Suppose the following:
create schema bv;
create table bv.user(id bigint primary key);
create table bv.user_photo (
id bigint primary key,
url varchar(255) not null,
user_id bigint references bv.user(id)
);
insert into bv.user values (100), (101);
insert into bv.user_photo values
(1, 'https://1.com', 100),
(3, 'https://3.com', 100),
(4, 'https://4.com', 101),
(2, 'https://2.com', 100);
I'd like to query for and build an object for every user, and include only the latest image in the result.
Here's what I have:
select
json_build_object(
'id', u.id,
'latest_image', up.url
) user
from bv.user u
left join bv.user_photo up
on u.id = up.user_id
However this returns:
[
{"id" : 100, "url" : "https://2.com"},
{"id" : 100, "url" : "https://3.com"},
{"id" : 100, "url" : "https://1.com"},
{"id" : 101, "url" : "https://4.com"}
]
However, the expected result is:
[
{"id" : 100, "url" : "https://3.com"},
{"id" : 101, "url" : "https://4.com"}
]
I've tried using distinct
:
select distinct on(u.id)
json_build_object(
'id', u.id,
'url', up.url
) user
from bv.user u
left join bv.user_photo up
on u.id = up.user_id
order by u.id, up.id DESC
But my question is whether or not this is the correct approach? I feel like I shouldn't be using distinct
in such a situation.
With few photos per user, and while you return all (or most) users, DISTINCT ON
is the best approach.
But it's typically faster to get distinct photos before you join:
SELECT json_build_object('id', u.id, 'url', p.url) AS "user"
FROM users u
LEFT JOIN (
SELECT DISTINCT ON (user_id)
user_id, url
FROM user_photo
ORDER BY user_id, id DESC
) p ON p.user_id = u.id;
For many photos per user, an emulated index-skip scan is (much) faster. See:
To produce one summary array, you can skip json_build_object()
. json_agg()
can aggregate the row directly:
SELECT json_agg(sub) AS "users"
FROM (
SELECT u.id, p.url
FROM users u
LEFT JOIN (
SELECT DISTINCT ON (user_id)
user_id, url
FROM user_photo
ORDER BY user_id, id DESC
) p ON p.user_id = u.id
) sub;
Notably, all queries so far include the key "url" with a null value where no photo is found. You may want to strip the noise:
SELECT json_strip_nulls(json_agg(sub)) AS "users"
FROM ...
This seems to be your use case.
A LATERAL
subquery is typically faster. Also deals with many photos per user efficiently!

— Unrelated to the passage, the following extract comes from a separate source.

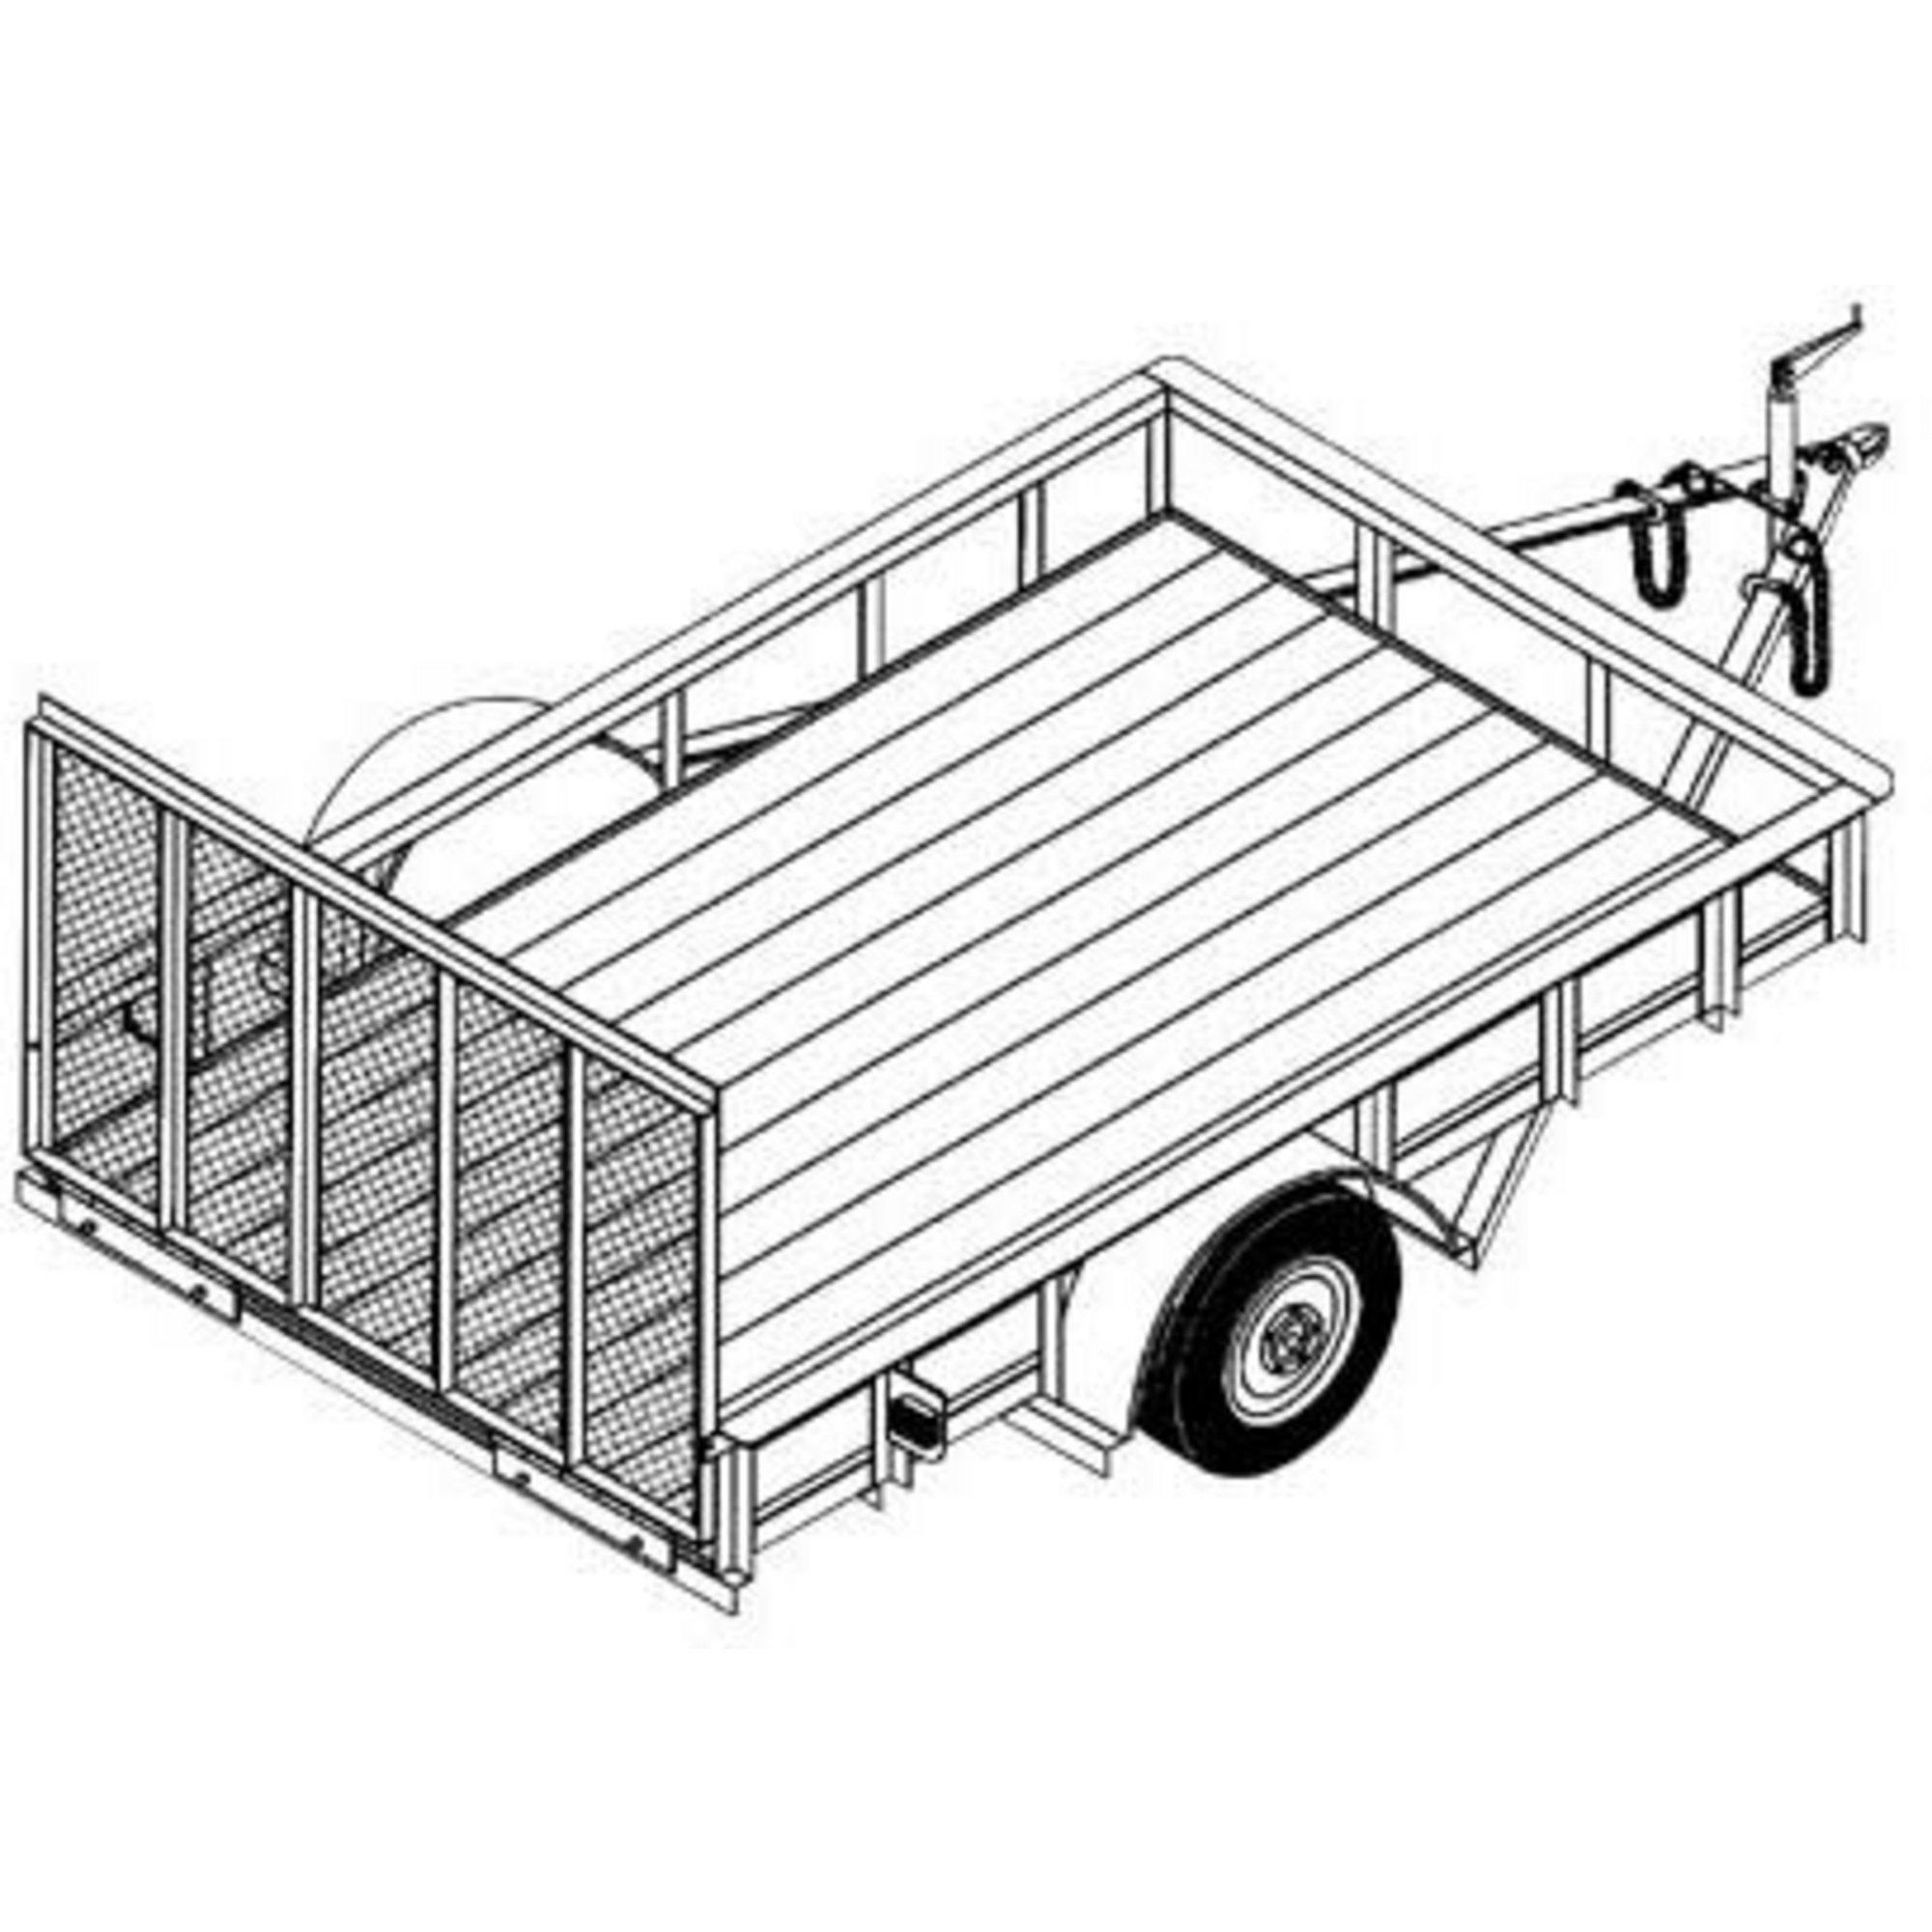 Aluminum Utility Truck Beds
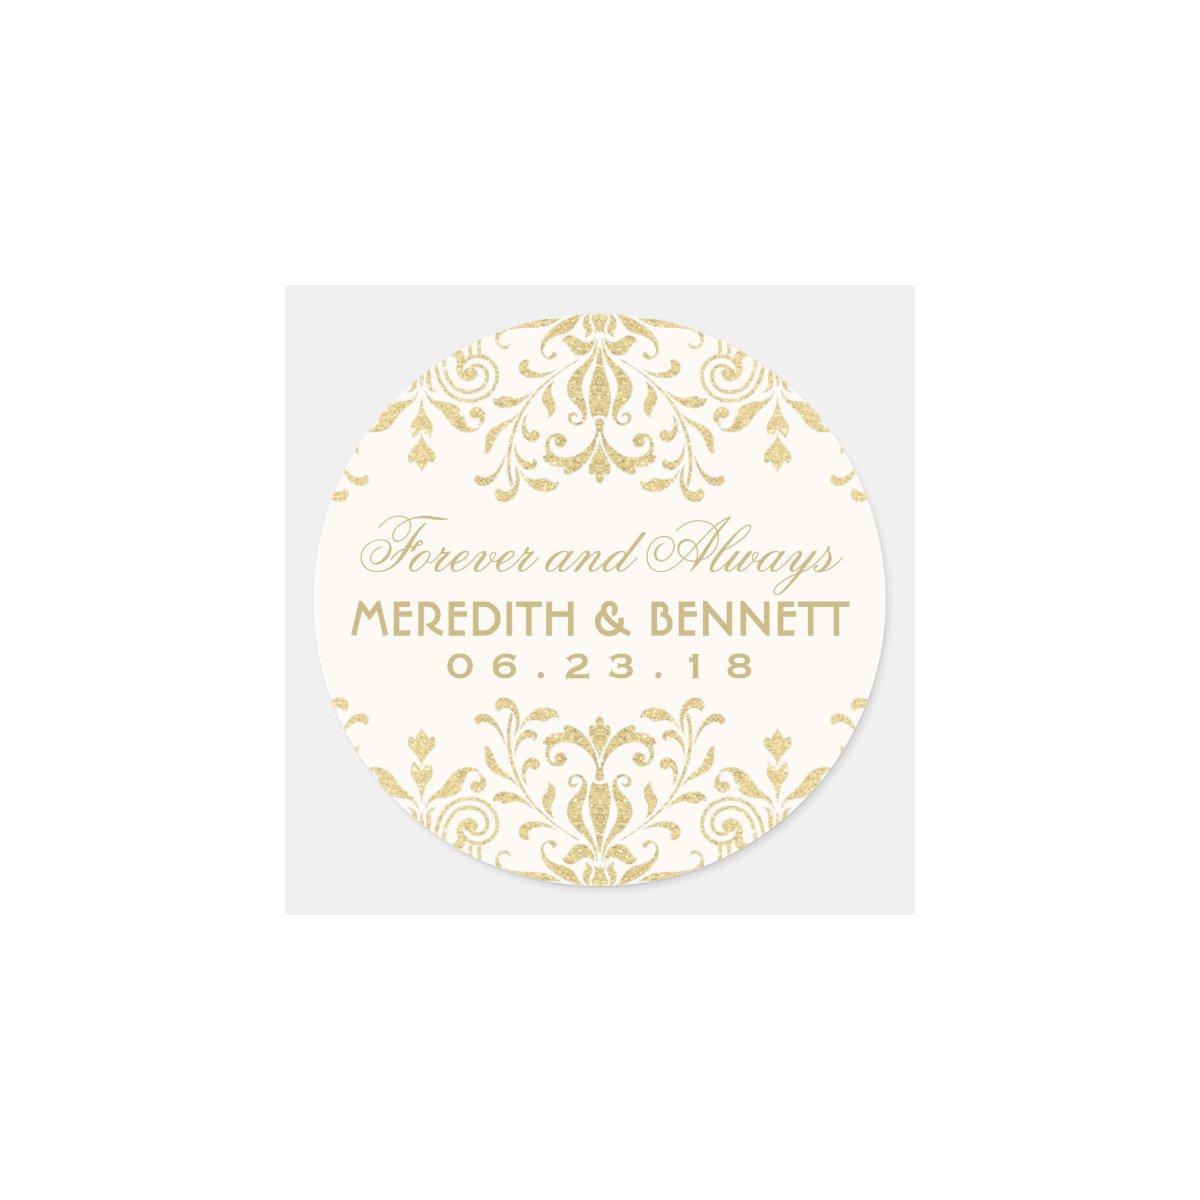 wedding favor labels - Wedding Decor Ideas

SELECT json_build_object('id', u.id, 'url', p.url) AS "user"
FROM users u
LEFT JOIN LATERAL (
SELECT up.url
FROM user_photo up
WHERE up.user_id = u.id
ORDER BY up.id DESC
LIMIT 1
) p ON true
WHERE u.id IN (100, 101); -- small selection
SELECT json_strip_nulls(json_agg(sub)) AS "users"
FROM (
SELECT u.id, p.url
FROM users u
LEFT JOIN LATERAL (
SELECT up.url
FROM user_photo up
WHERE up.user_id = u.id
ORDER BY up.id DESC
LIMIT 1
) p ON true
WHERE u.id IN (100, 101) -- small selection
) sub;
DISTINCT ON
does not need an index. All other queries absolutely need an index on user_photo(user_id, id)
. Or even, ideally:
CREATE INDEX ON user_photo (user_id, id DESC) INCLUDE (url);
Aside: Don't use the reserved word "user" as identifier. It works while schema-qualified, but fails without.